Data from literature linking NOS2 to putative neuronal developmental processes that could lead to malfunctions in CSTC is also scarce. One of the few pieces of evidence about this topic was provided by Arnhold and colleagues (2002) describing the role of NOS2 in the early stages of neuronal maturation. They depicted a functional part for this enzyme in the cell differentiation and migration in embryonic cortex, although not through the canonical pathway of NO acting on soluble guanylate cyclase. Cultured cells from E14 rat embryo, when incubated with selective NOS2 inhibitors, showed a lower number of microtubule-associated protein (MAP2)-labeled neurons. Similarly, our data indicates that silencing NOS2 expression, leads to a reduction in the levels of MAP2 in activity-dependent differentiation of PC12 cells Banno et al. 2008. The role of NO in activity-dependent differentiation of PC12 cells has been described (for example Nakagawa, Yoshida & Miyamoto, 2000); however, the NOS1 isoform is implicated as being responsible for this process.

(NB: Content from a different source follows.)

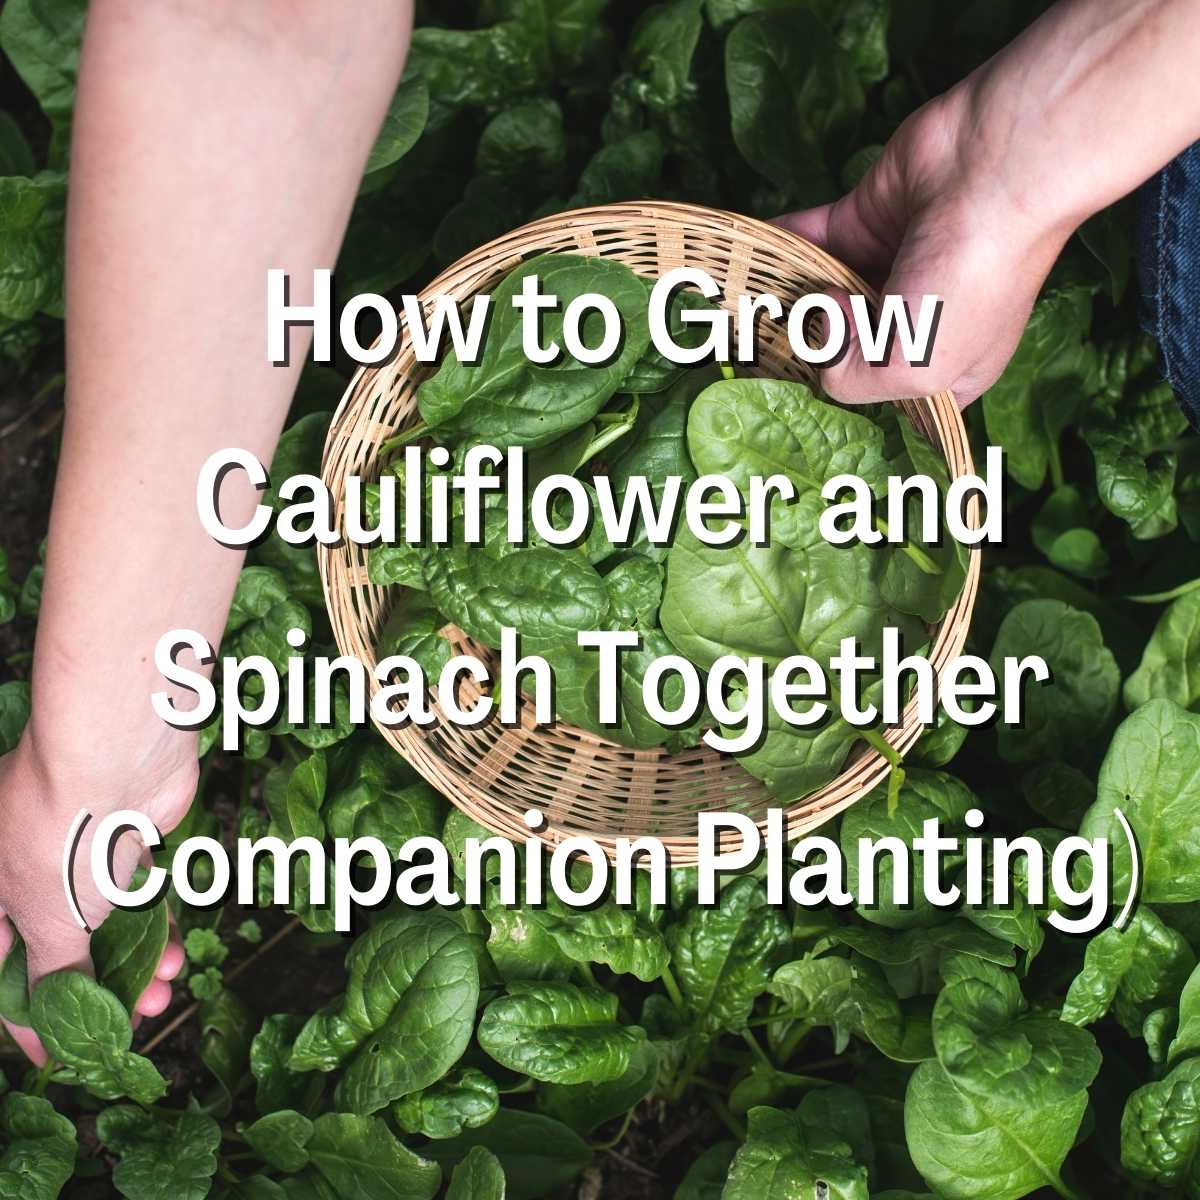 How to Grow Cauliflower and Spinach Together

This discrepancy may be due to the culture conditions between the studies. For example, Nakagawa and colleagues used a serum-free medium and 45 mM of KCl to differentiate the cells, while we rely on 0.5% FBS and 25 mM of KCl. Moreover, in the former study the authors cultivated a low density of PC12 cells (approximately 50 cells/cm2; in a 96-well plate), while we used a high density from the beginning of the experiment—125,000 cells/cm2 (in a 12-well plate).

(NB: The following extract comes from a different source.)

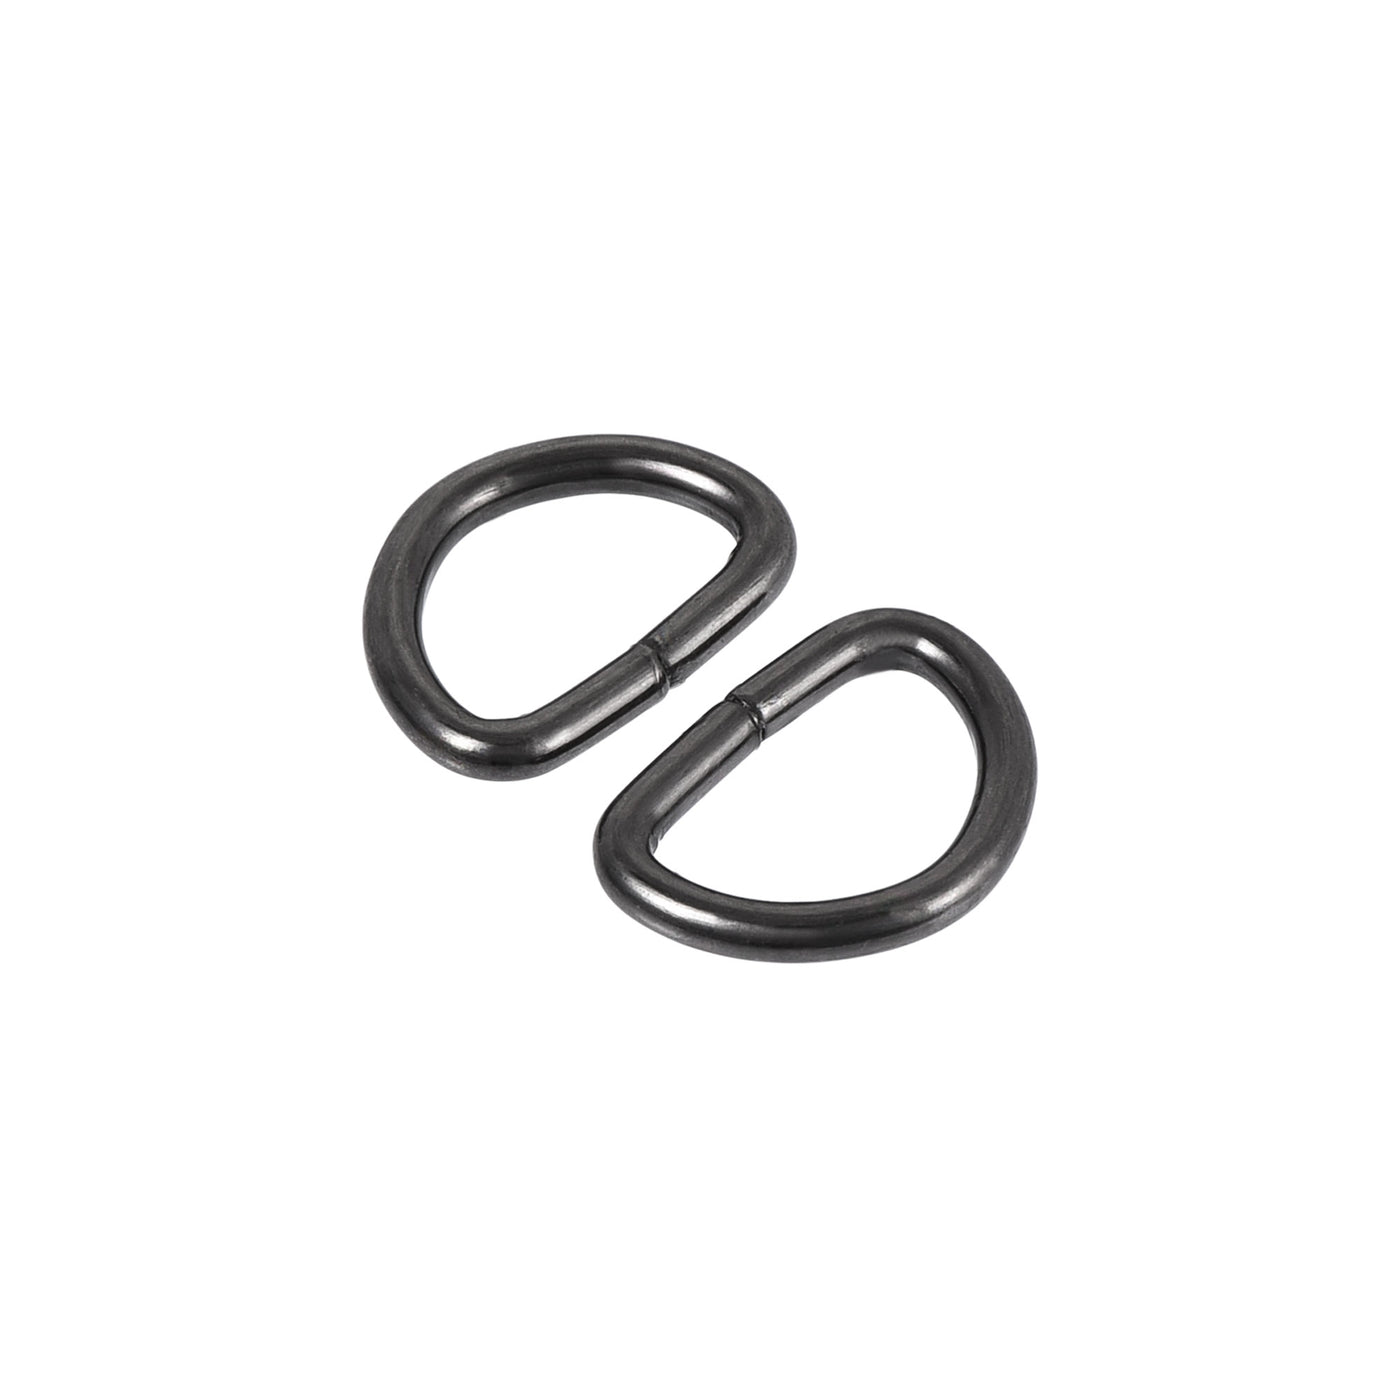 uxcell Uxcell Metal D Ring 0.39"(10mm) D-Rings Buckle for Hardware Bags Belts Craft DIY Accessories Black 150pcs

Based on our data and the evidence in literature, we speculate that increased BB observed in NOS2.KO is putatively a resultant of inefficient inhibition of striatal motor programs by PFC. The lack of NOS2 in the early stages of cortical development could affect the maturation of cortical neurons, which in turn would lead to the described phenotype. The BB observed in these animals is sensitive to treatment with clomipramine and memantine, strengthening its role as a putative model of TTM. Further experiments will be necessary to clarify the role of NOS2 in the development of the BB phenotype and its functional consequences in the CSTC; as well as validate its sensitivity to other drugs.